Presenting the 12-tone score with feisty precision, the instrumentalists
(Nathalia Milstein-piano, violinists Yamen Saadi and Mohamed Hiber, Hartmut
Rohde-viola, Astrig Siranossian-'cello), together with narrator (baritone)
Dietrich Henschel, brought out the work's
compelling message, its sarcasm and scorn. Schoenberg had insisted that the narrator must have "the number
of shades, essential to express one hundred and seventy kinds of derision,
sarcasm, hatred, ridicule, contempt, condemnation, etc., which I have tried to
portray in my music." Henschel did not disappoint, presenting the
work's compelling message in a performance that was indeed gripping,
resonant and genuinely theatrical.
These items were followed by three
works of Johannes Brahms. "Zwei Gesänge" Op.91, published 1884, had a strange genesis - to mend the marriage of violinist Joseph Joachim and
wife mezzo-soprano Amalie Weiss (both musical partners of Brahms and personal
friends), due to Joachim’s paranoid delusions about an affair he imagined
Amalie was having with Fritz August Simrock, Brahms’ publisher. Performing the
two songs at the Jerusalem concert were soprano Dorothea
Röschmann, Razvan Popovici-viola and Sunwook Kim (piano), their beautifully
balanced reading of “Gestillte Sehnsucht” (Longing at Rest, Rückert) and
“Geistliches Wiegenlied” (Sacred Lullaby, Geibel) - both songs sharing the image
of wind in trees, calming in the first and alarming in the second - sensitive,
dynamic and evocative. With fine-sculpted musical gestures, Popovici constantly
reached out to interact with Röschmann's
poignant singing and beauty of timbre.
In the late summer months of 1865,
having left Vienna for a working vacation in Baden, near the Black Forest,
Brahms rented an apartment with mountain views and began to imagine the Horn
Trio while walking in the woods. His mother, Christiane, had died the previous
February in Hamburg. The Trio in E-flat major for horn, violin and piano Op.40
brings together three instruments the composer
had played as a young man. (Despite his great love for the instrument, Brahms only
engaged the horn in one chamber music work.) What quickly became clear at
the Jerusalem concert was how wholly and naturally the three young outstanding artists - Ben
Goldscheider-horn, Clara Jumi-Kang-violin and Nathalia Milstein - had delved into the musical
and emotional meaning of this nostalgic and strangely modern piece, identifying
with its controlled sentimentality, its agitated and impetuous moments, its
urgent gestures, elegiac expressiveness and Romantic warmth. Ben Goldscheider
wields the unforgiving horn with easeful mastery and richness of timbre.

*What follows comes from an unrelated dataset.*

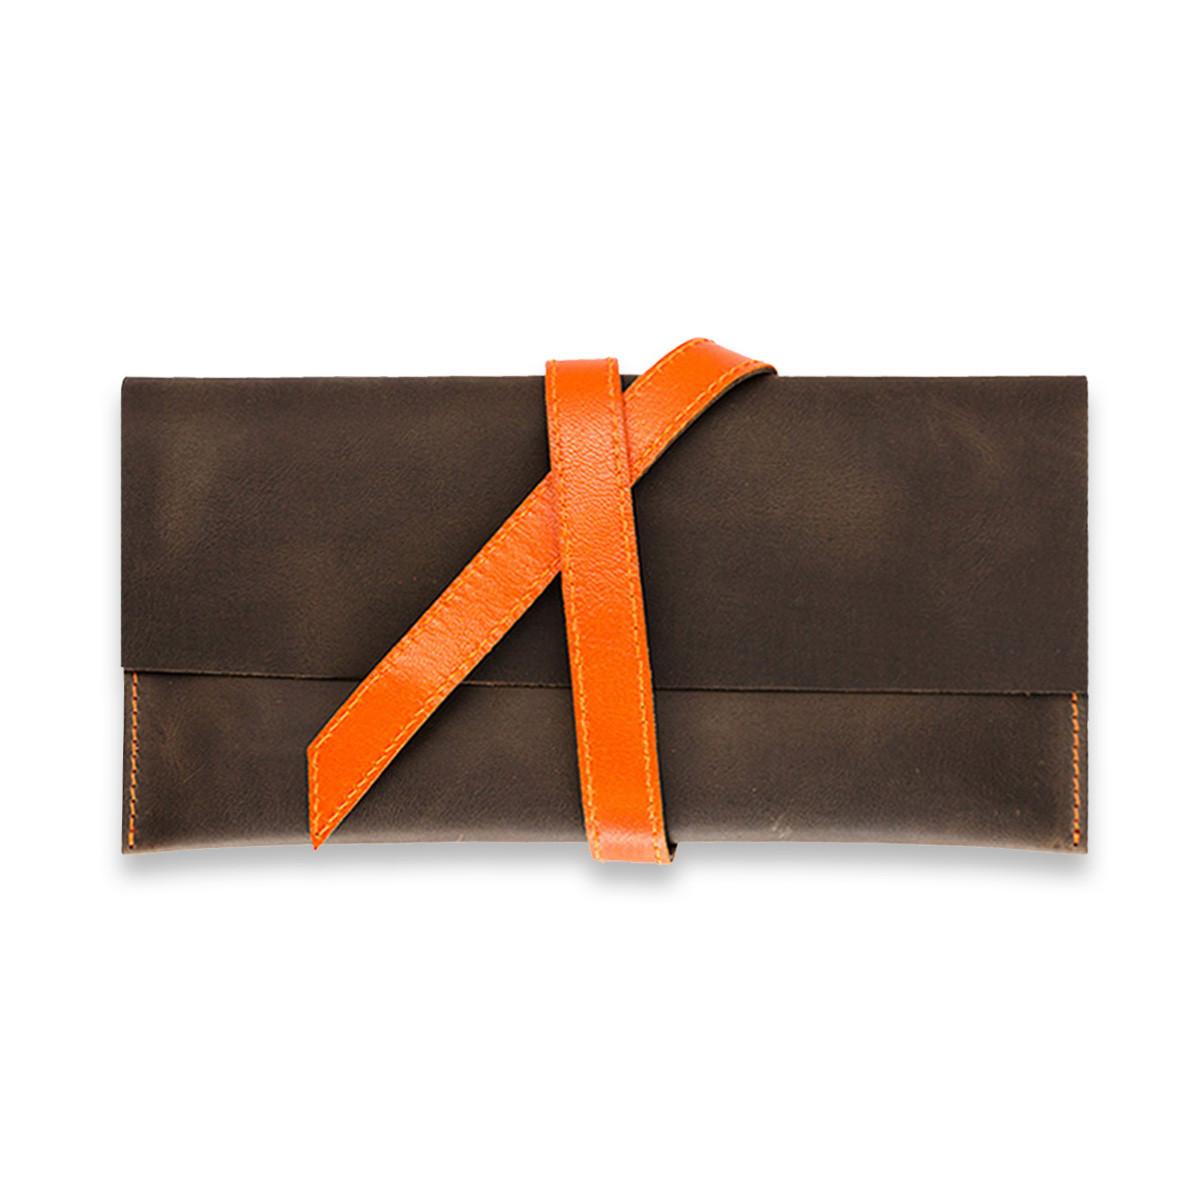 Кошелек кожаный для документов дорожный кейс Орех-апельсин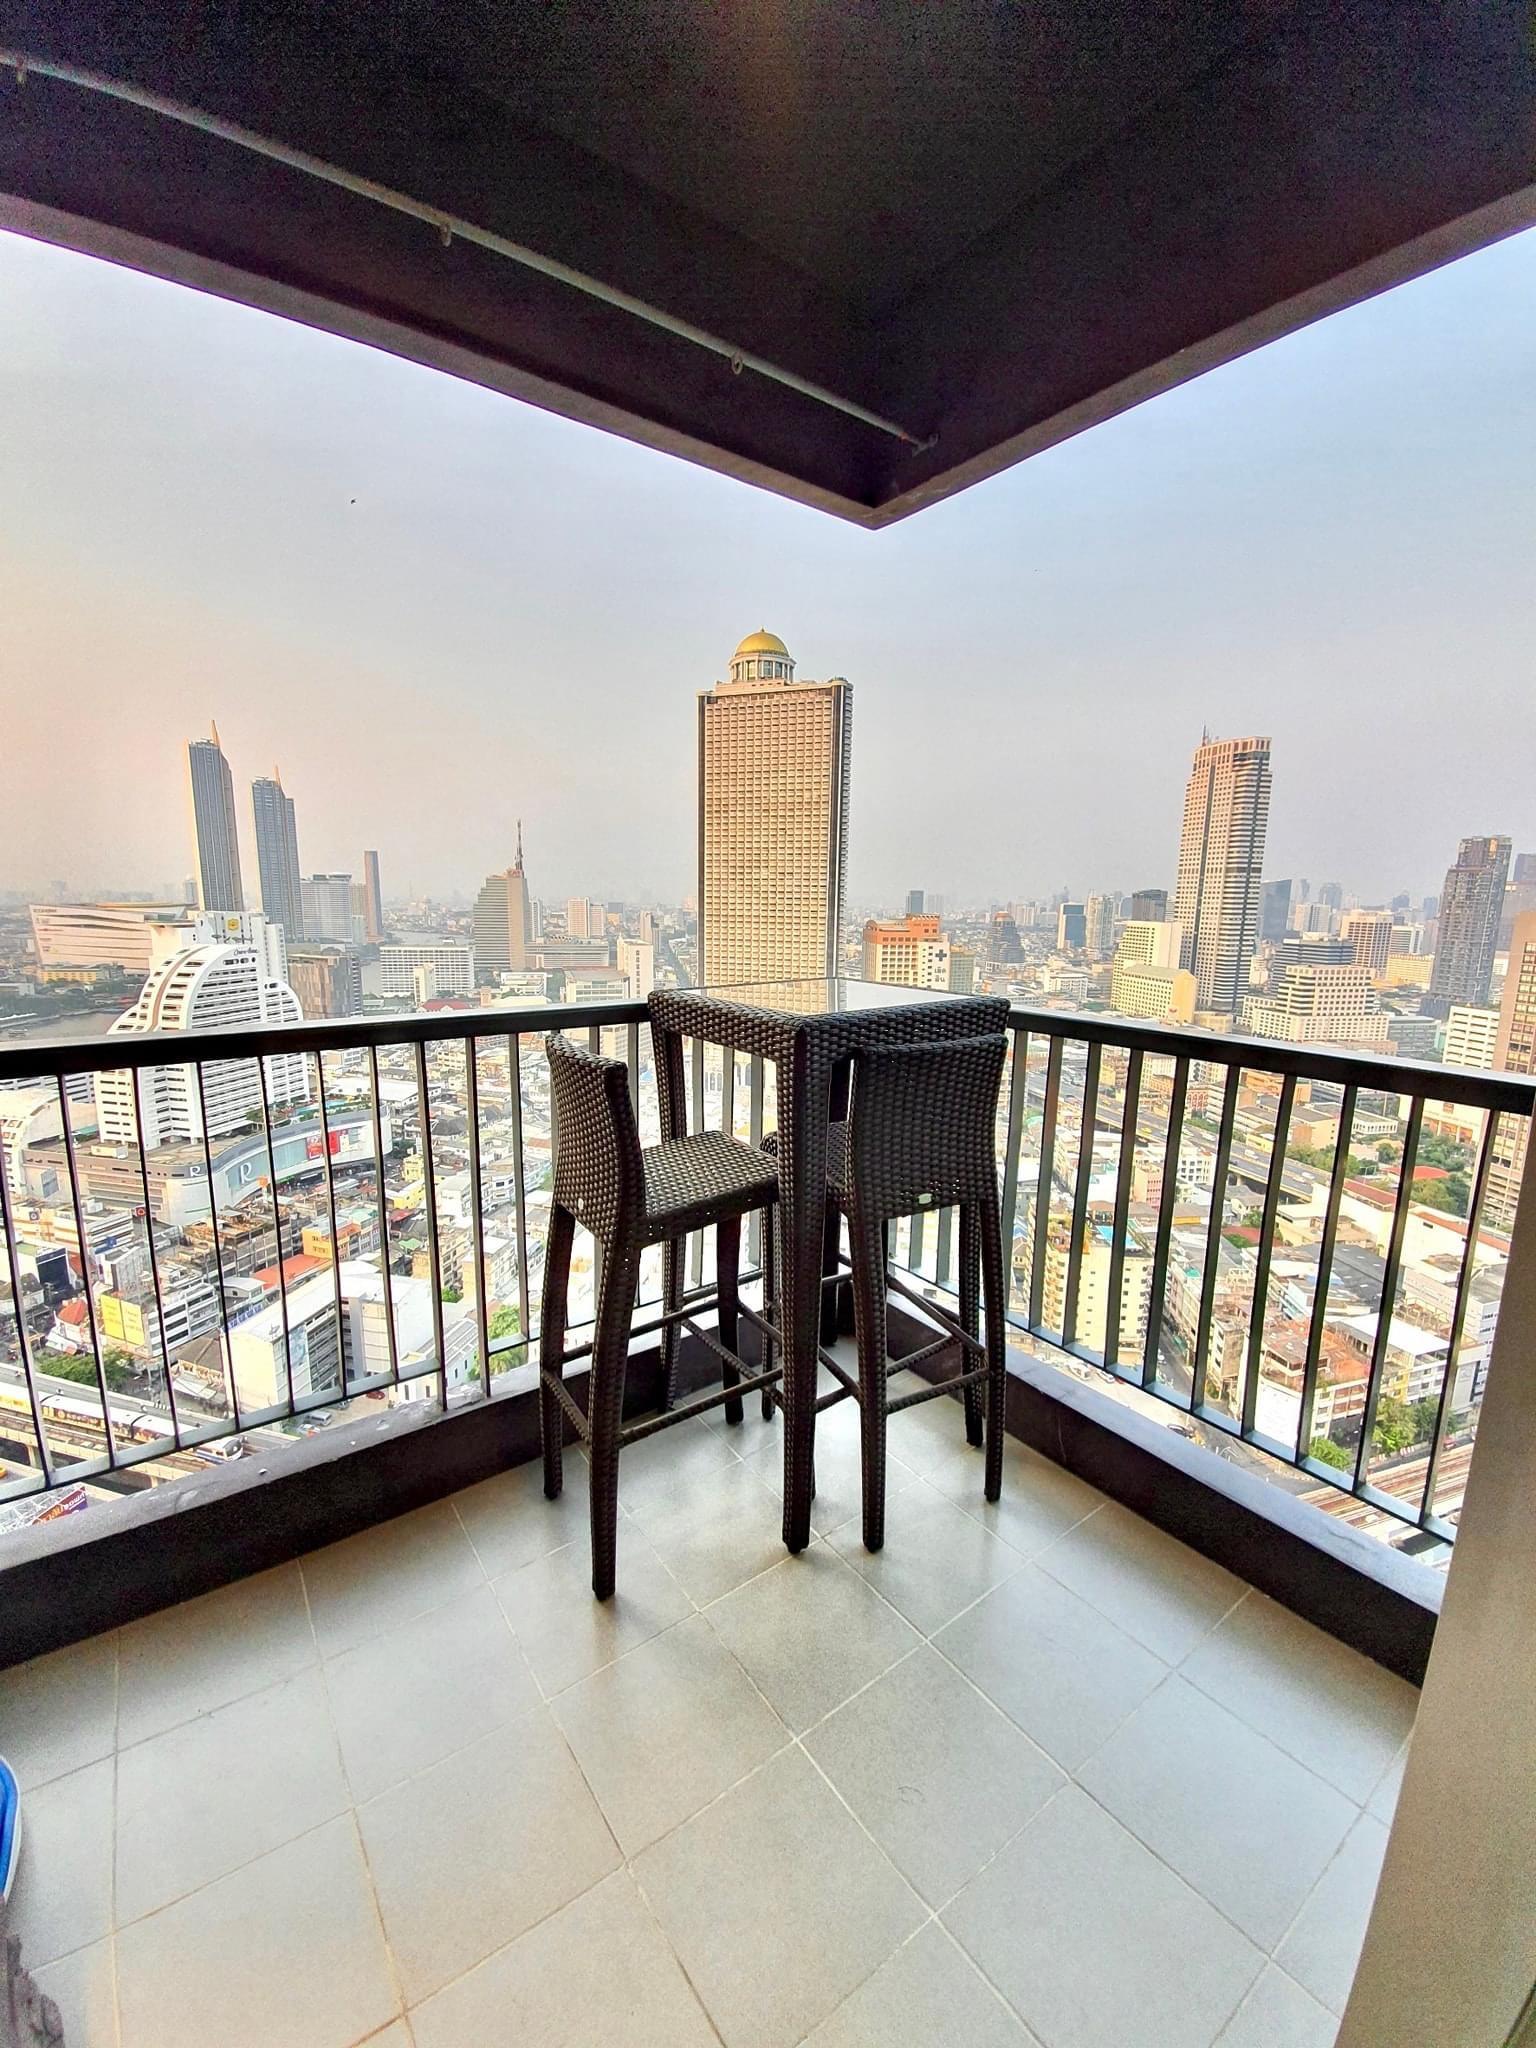 Bangkok Condo Apartment For Rent in Sathorn Surasak High Rise Condo Sathorn

The event signed out with Brahms' Piano Quintet in F-minor Op.34, a dark, mighty work of huge scope, often considered to be Brahms' great chamber music epic, though completed when he was only thirty-one. Performing it here were violinists Dmitry Sitkovetsky and Mohamad Hiber, Gérard Caussé-viola, Tim Park-'cello and Sunwook Kim-piano. With both piano and strings playing an equally important role throughout this work, the artists created the whole-of-Brahms emotional journey in playing that was personal, lyrical, mysterious, fresh and with some subtly-flexed touches.